I am strongly in favor of having some solution for #[bench]
available on stable. I could easily get behind @brson’s original plan, but I have to think about @SimonSapin’s plan a bit. I think the high-order bit for me is that I want benchmarking to feel “built-in” in the same way that unit testing does. @brson’s plan seems to achieve that. @SimonSapin’s plan could well achieve that too, though I think it has to be paired with a rust-lang-nursery crate that is on the fast to ubiquity. I also think we should standard a way to write tests and report results (more on this later) so that people can write benchmarks once and then experiment with different runners.
As far as writing tests, I am not that worried about forward compatibility, in part because I feel like the current benchmarking inferface is about as simple as it gets, and hence we will always want a mode that operates something like it, even if we eventually grow more knobs and whistles. (The need to sometimes use “black box” is a drag, admittedly, but I’m not sure if that is easily avoided?) I’m curious if anyone has any concrete thoughts about alternatives.
It is true of course that it is relatively easy to use nightly to run benchmarking and with travis, but it also means that even if your library works on stable, you often need nightly compilers to run benchmarks. This means you can’t benchmark the compiler your users are using and it is also kind of a pain. It gives off a “Rust is not ready for prime-time” aura to me.
Another aspect that hasn’t been much discussed here is that I think we should stabilize a standard output format for writing the results. It ought to be JSON, not text. It ought to be setup to give more data in the future (e.g., it’d be great to be able to get individual benchmarking results). We’ve already got tools building on the existing text format, but this is a shifty foundation. (For example, the cargo-chrono tool can do things like work various commits, run benchmarks, aggregate multiple runs, compute medians and normalize, and generate plots like this one or this one that summarize the results. Meanwhile @burntsushi has the cargo-benchcmp tool.)

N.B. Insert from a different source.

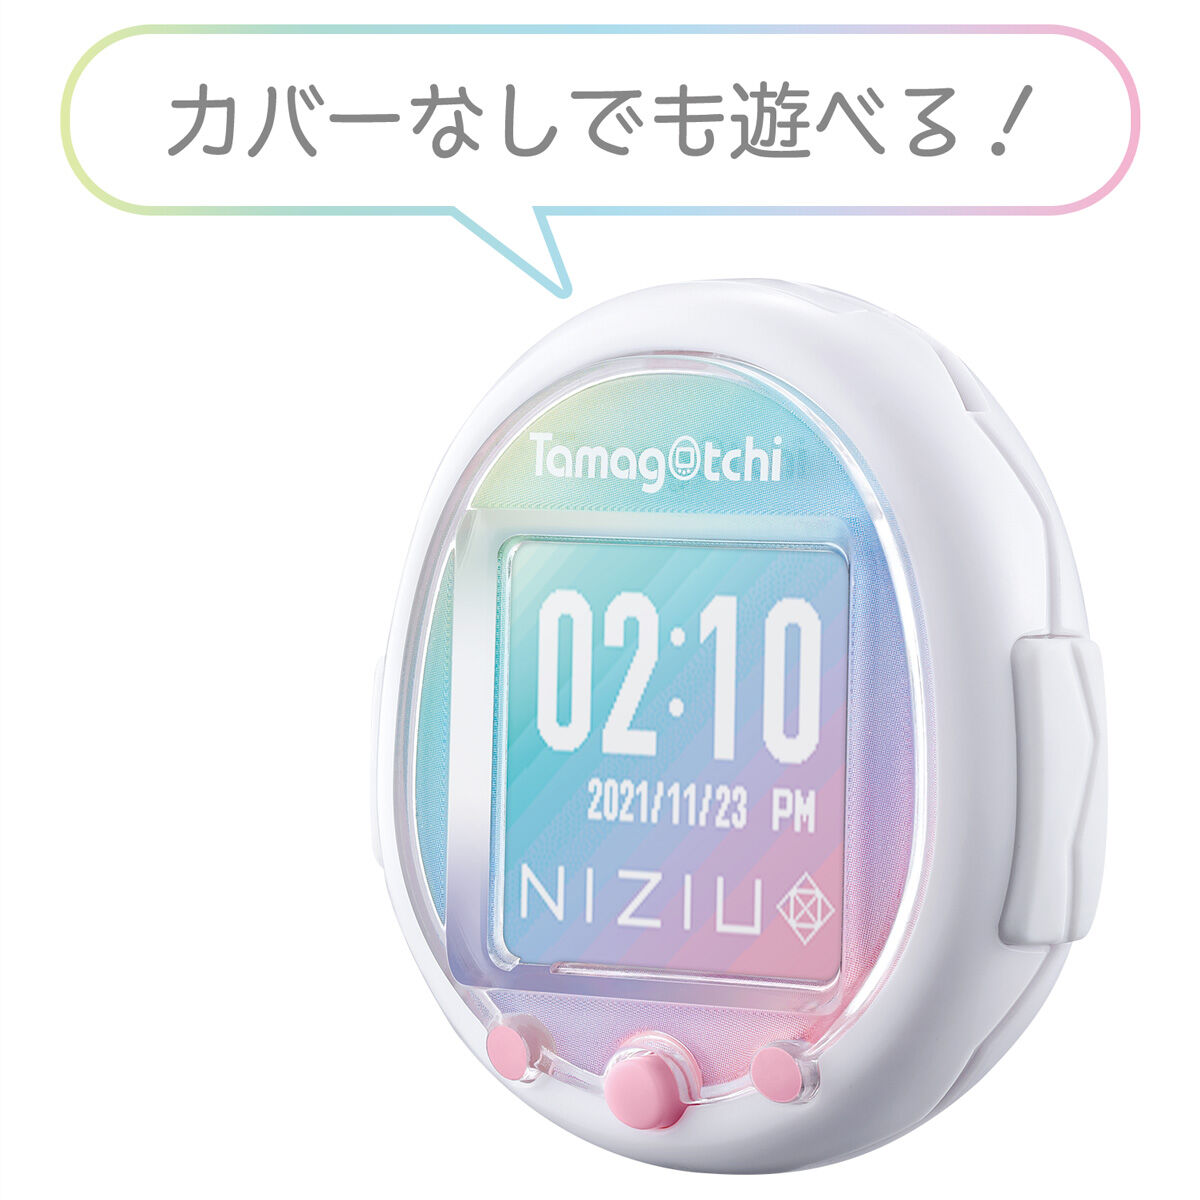 たまごっちスマート『Tamagotchi Smart NiziUスペシャルセット』たまごっち-007
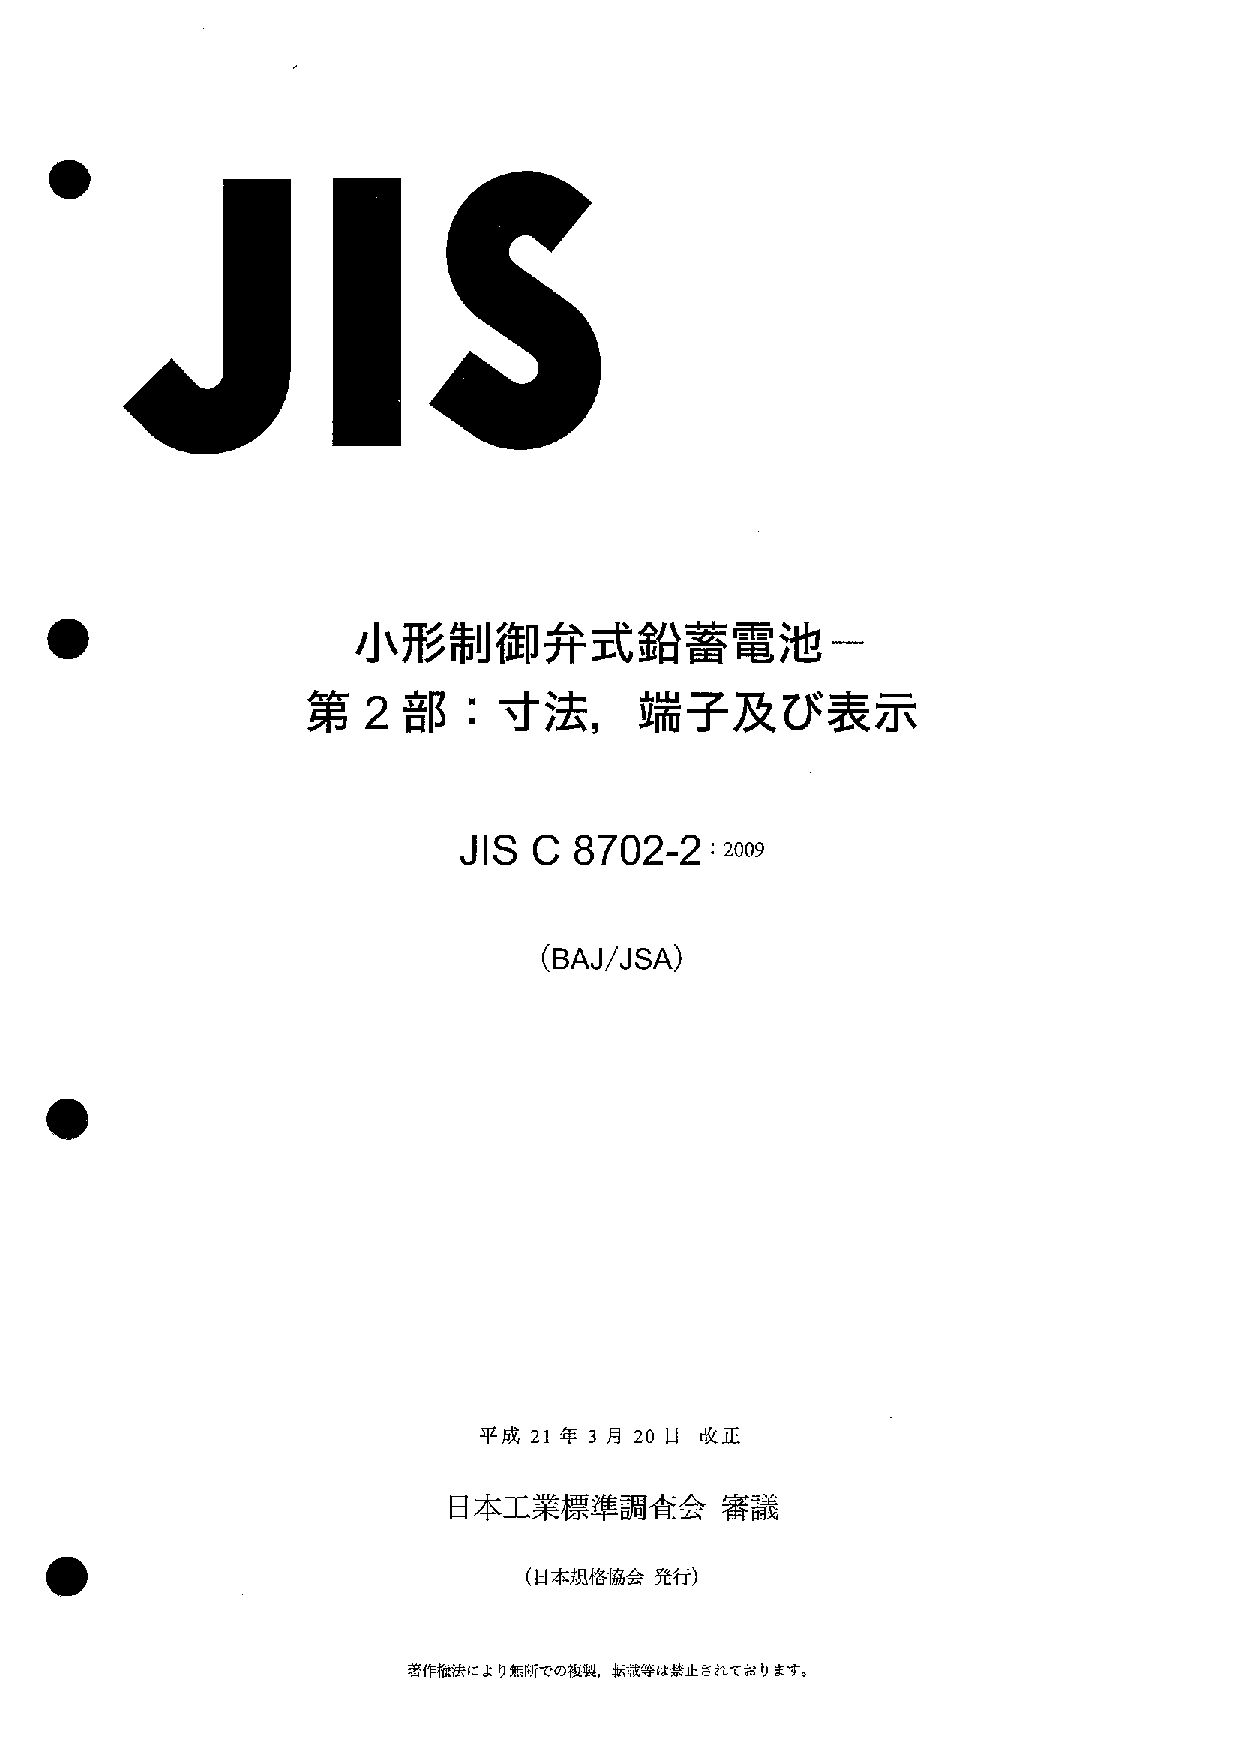 JIS C 8702-2:2009封面图

Finally, I feel like having a stable way to write benchmarks might encourage more people to investigate how to improve it! I know that for Rayon I’ve found the numbers to be a bit unreliable (which was part of my motivation in writing cargo-chrono). I think part of this is that the current runner basically forces you to have closures that execute very quickly, which means I can’t write benchmarks that process a large amount of data. This all seems eminently fixable by building on the existing APIs. (I could also be totally wrong about what the problem is; but benchmarks run by hand seem to yield more stable numbers in some cases (not all).)